The benefit of contiguous files is indeed the elimination of seek times.
As noted by many posters to this group, the success of this is dependent
on many things, not just the contiguous nature of the file.

The primary benefit is in cases where a disk, in a real time application,
is dedicated as an archive. Essentially a large circular (possibly) buffer
saving the last x seconds, minutes, or hours of the raw data gathered.
Telemetry applications often need this. Missile range stuff where raw data
comes in fast and furious but only for a short duration of time can benefit
from this use.

On the Night Hawk system, contiguous disk files are typically used with the
direct disk I/O feature (bypassing the buffer cache) so that large chunks of
data can be written to the disk on a periodic basis as quickly as possible.
These features are intended to be used in stringent real time environments
where the environment is controlled. 

Clearly, if there is other activity to the same disk or the accesses to the
file are random (as opposed to sequential) then all the noted problems 
in other postings make this feature a moot point. Expanding the file is
indeed a problem.

It is not perfect, but very useful in some applications, particularly real
time.

steve@SSD.CSD.HARRIS.COM (Steve Brosky) (05/30/90)

>         What are spin locks??
>         (hope this isn't a frequently asked question!! )
spin locks, or busy waiting locks, are locks for which a user never blocks.
When the user tries to lock a spin lock which is already locked, he spins
in a tight loop, waiting for the lock to be freed.  Spin locks are only 
used to protect critical sections which hold the lock for a very short period
of time, and therefor not worth the overhead of blocking the process.
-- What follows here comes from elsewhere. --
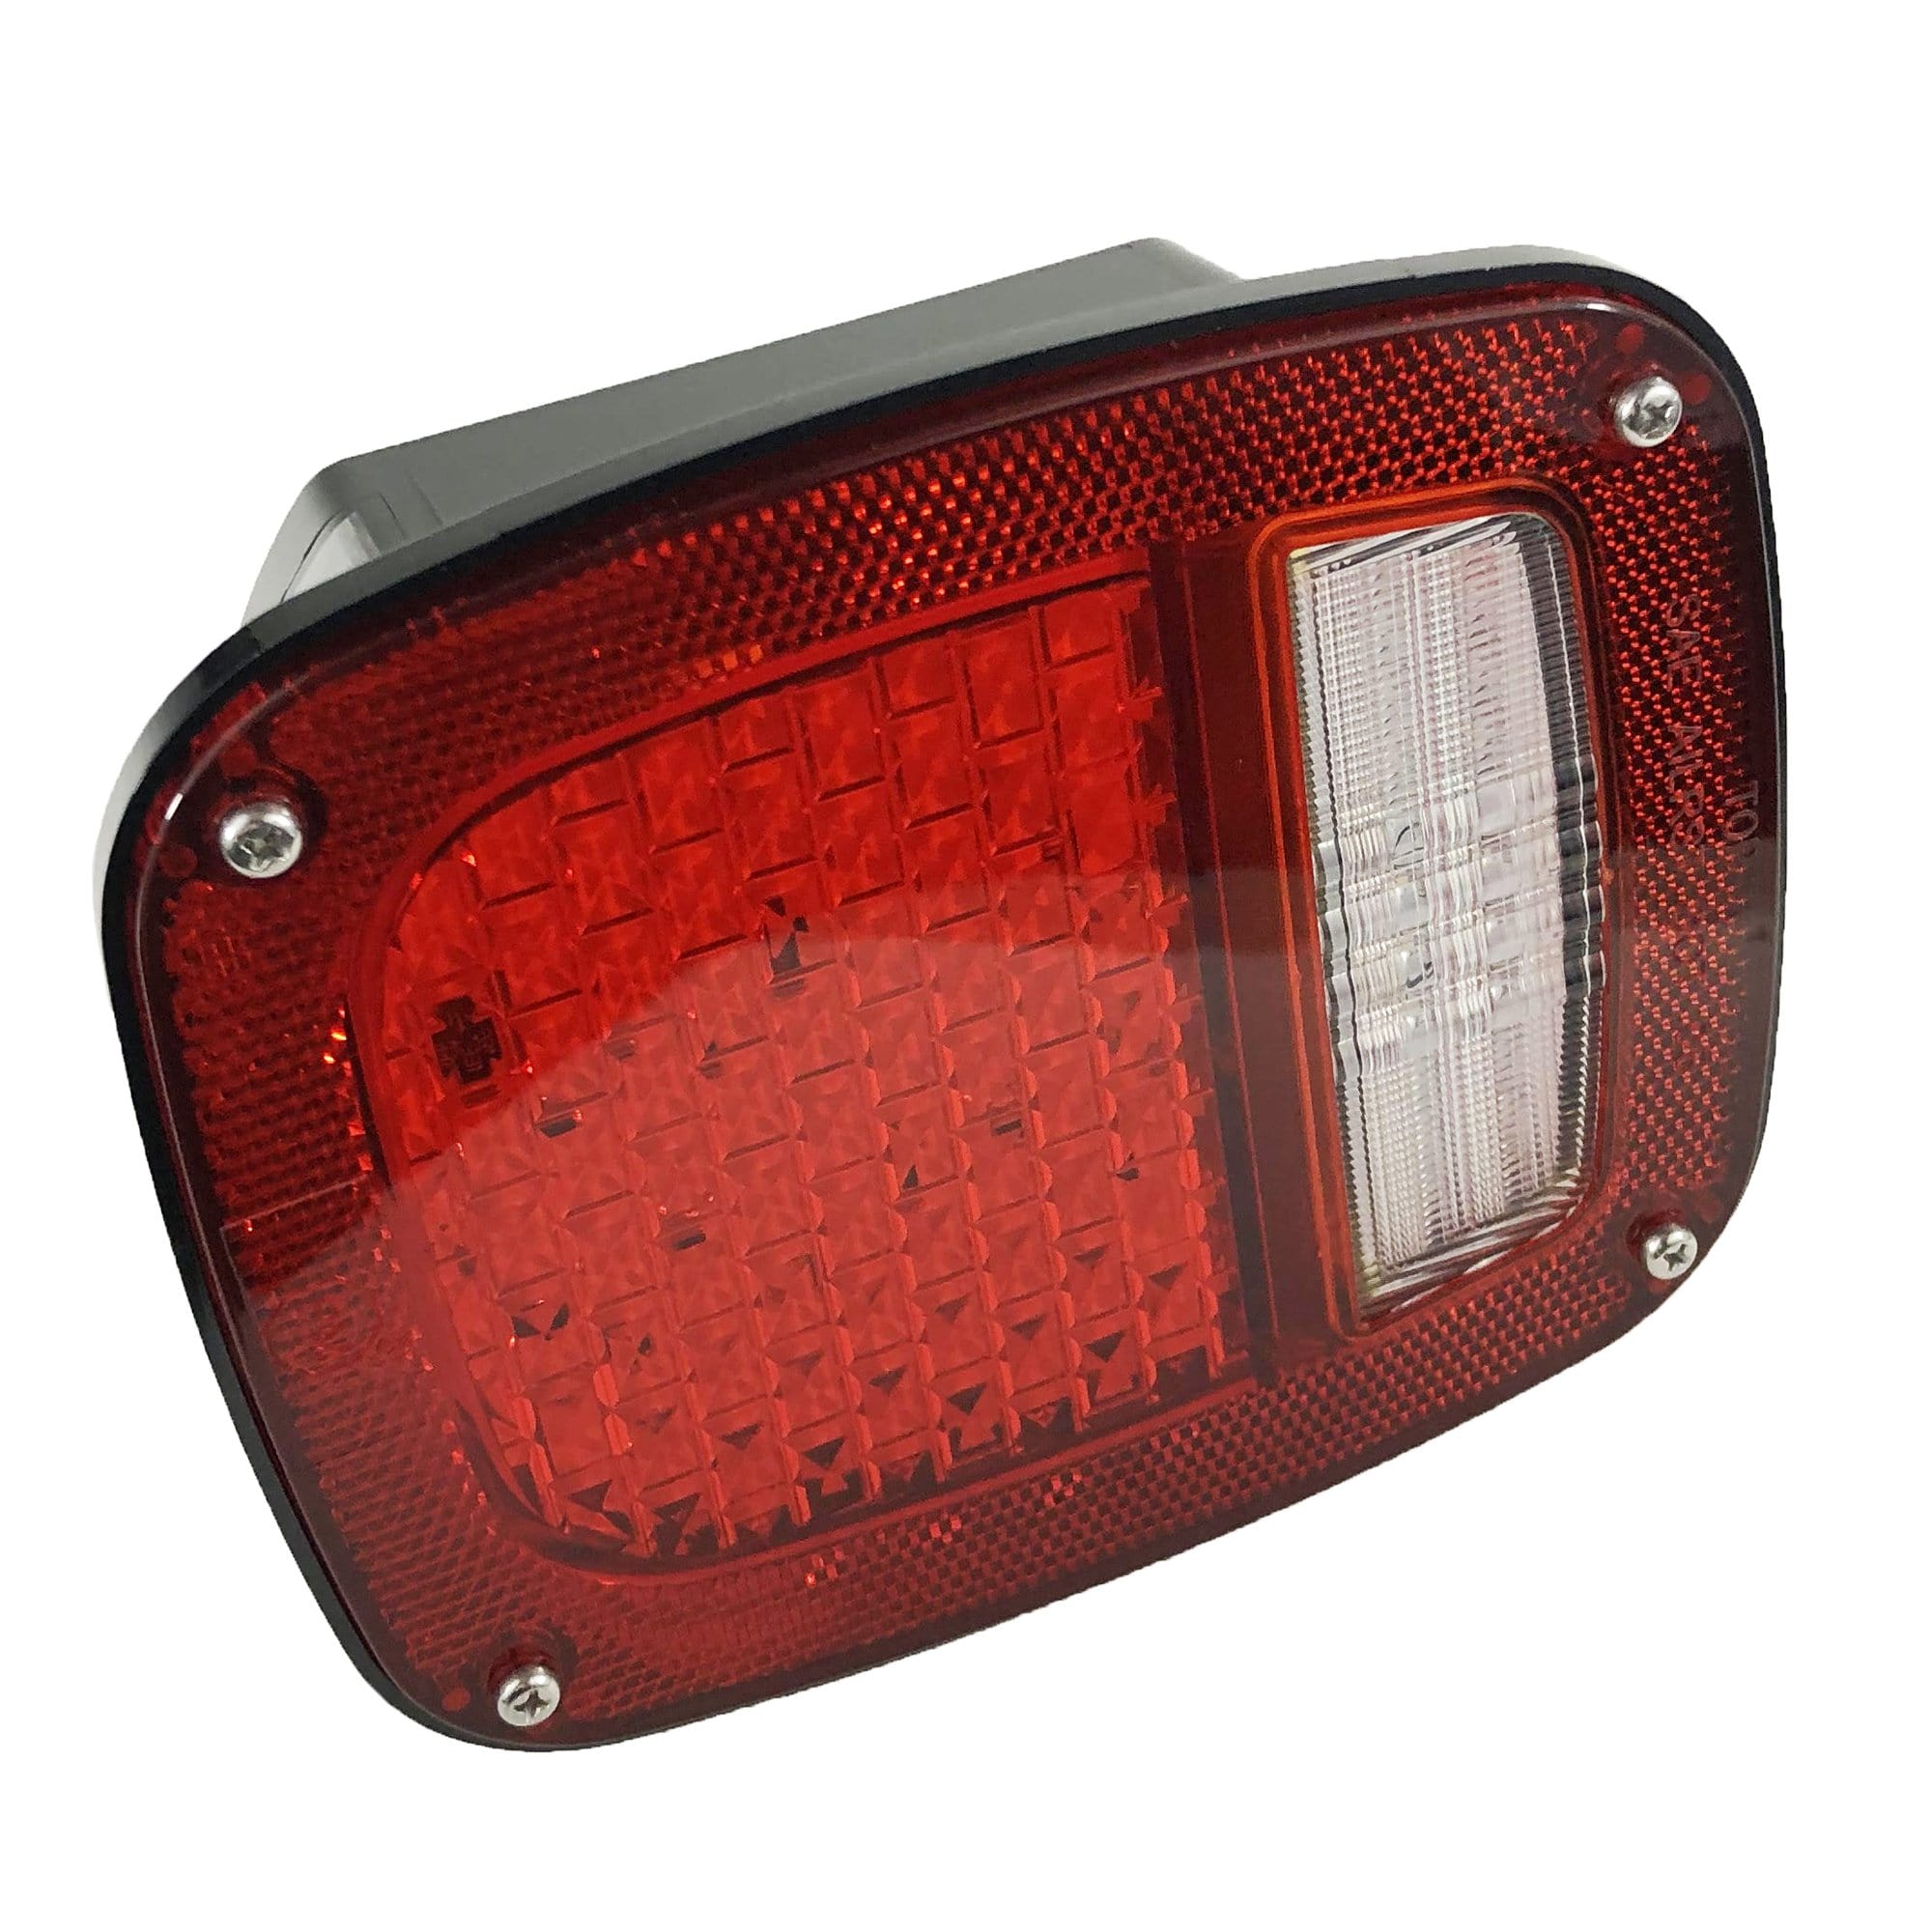 Anderson Marine / Peterson MFG 845L 6.76" Red Rectangular LED Rear Combination Light

Steve Brosky                        sabrosky@ssd.csd.harris.com
Harris Computer Systems Division
2101 W Cypress Creek Rd
Fort Lauderdale, Fla 333122

steve@SSD.CSD.HARRIS.COM (Steve Brosky) (05/30/90)

>>* fast context switch times -- 40-60 microseconds

>This is obviously crucial to real-time response, and seems much faster
>than conventional Unix context switching time.  How did you get Unix to
>context switch so quickly?

A lot of effort was put into optimizing context switches.
Sorry I can't tell you about some of the more subtle tricks we've 
used.  However I should explain what is meant by this ambiguous term
"context switch time".  The 40-60 microseconds is the time to:

- save the state (registers) of the old process
  (note that this machine has an enhanced floating point unit so this also
   includes 8 extra floating point registers)
- select the new process
- restore the state (VM, registers) of the new process
- invalidate the caches


This context switch time does not include the time used to decide that 
a context switch is required. For example, in the case where a process 
expires its quantum (determined in a clock interrupt routine),
the processing time consumed by the clock interrupt is not included 
in the quoted context switch time.

Certain people are more interested in the time it takes to transition from
process A to process B when process A takes some action that causes process
B to run. There are a number of different primitives available for this on
our system that take the form of a system call. The "real-time" primitives
take from 170-200 microseconds for this to happen. This time is measured
from immediately before process A makes the "wake-up" system call (actually
the call to the library interface to the syscall) to immediately after process
B returns from the "blocking" system call.  This is actual wall time
from the last useful instruction in user process A to the first useful
instruction in user process B. The 40-60 microsecond context switch is part of
this time.

Depending on the synchronization method used, these times vary considerably.
Signals, for example, are far less efficient than the mechanisms alluded to
above. There are other cases where the times are better and approach 100
microseconds for a transition from last user mode instruction to first user
mode instruction.

Steve Brosky                        sabrosky@ssd.csd.harris.com
Harris Computer Systems Division
2101 W Cypress Creek Rd
Fort Lauderdale, Fla 333122

drk@athena.mit.edu (David R Kohr) (06/04/90)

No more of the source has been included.